A Bisimulation-Invariance-Based Approach to the Separation of Polynomial Complexity Classes
Florian Bruse, Martin Lange
TL;DR
The paper investigates whether the bisimulation-invariant fragment of $P$ can be separated from $NP$ and $PSPACE$ by leveraging Otto's result that such queries are definable in the polyadic μ-calculus $\mathcal{L}_{\mu}^{\omega}$. It introduces the notion of relative regularity to connect definability on graphs to regular tree languages via power-graph unfoldings, thereby translating complexity-separation questions into tree-language pumping problems. A key contribution is the algebraic and logical characterisation of power graphs through $d$-bisimulations and their definability in $\mathcal{L}_{\mu}^{2}$, enabling a polynomial-time handle on power-ness and providing a framework to test non-regularity relative to $\textsc{Power}_d$ for potential separations.
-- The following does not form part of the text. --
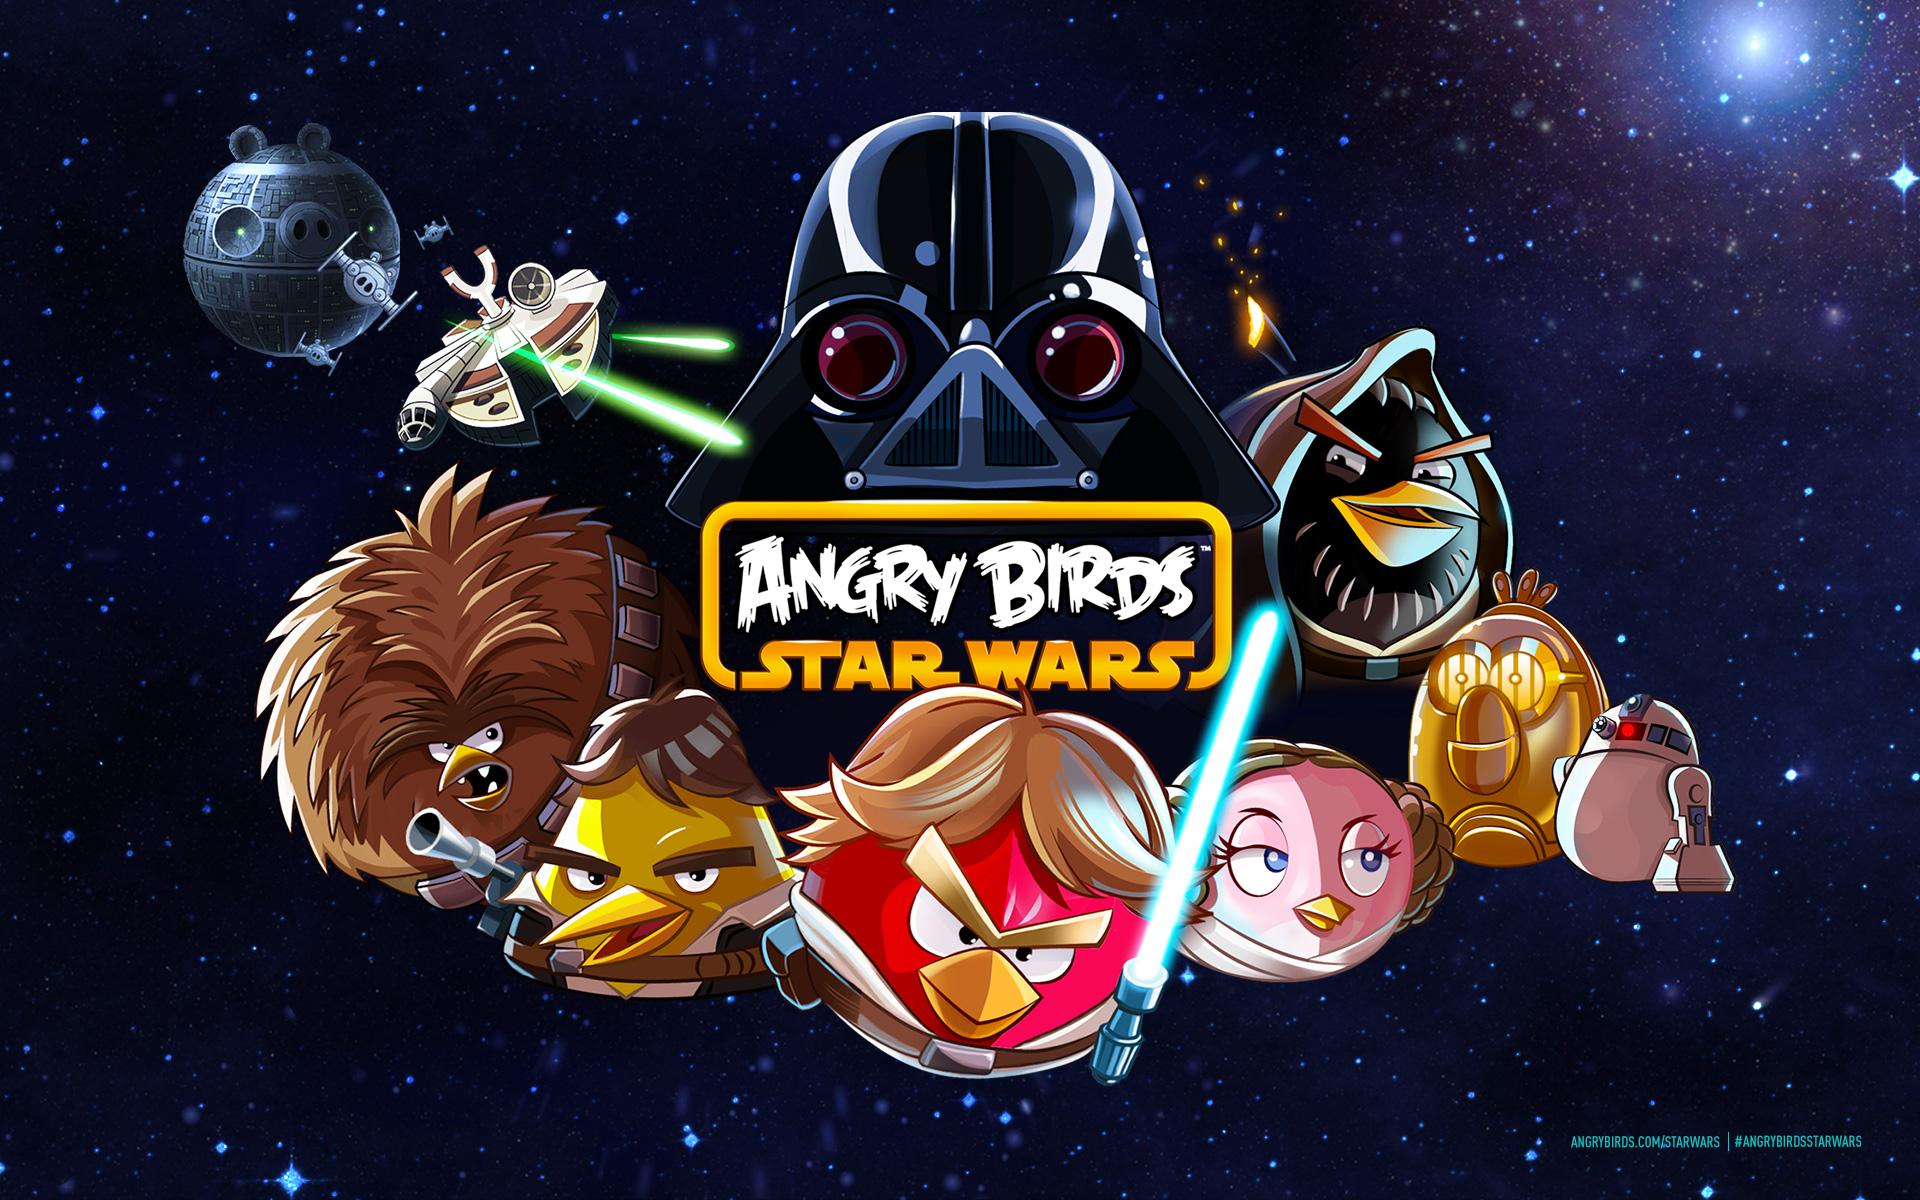 angrybirds_starwars

The work outlines two concrete NP and PSpace constructions (1NonUnivNFA and 2NonUnivNFA) whose relative non-regularity would imply $P \neq NP$ and $P \neq PSpace$, respectively, while noting the substantial difficulties in proving such non-regularity and the broader implications for descriptive complexity. Overall, the approach offers a promising descriptive-complexity pathway to longstanding questions, distinct from order-based arguments, by focusing on bisimulation-invariant tree-structure expressiveness and regularity.
Abstract
We investigate the possibility to separate the bisimulation-invariant fragment of P from that of NP, resp. PSPACE. We build on Otto's Theorem stating that the bisimulation-invariant queries in P are exactly those that are definable in the polyadic mu-calculus, and use a known construction from model checking in order to reduce definability in the polyadic $μ$-calculus to definability in the ordinary modal mu-calculus within the class of so-called power graphs, giving rise to a notion of relative regularity. We give examples of certain bisimulation-invariant queries in NP, resp. PSPACE, and characterise their membership in P in terms of relative non-regularity of particular families of tree languages. A proof of non-regularity for all members of one such family would separate the corresponding class from P, but the combinatorial complexity involved in it is high. On the plus side, the step into the bisimulation-invariant world alleviates the order-problem that other approaches in descriptive complexity suffer from when studying the relationship between P and classes above.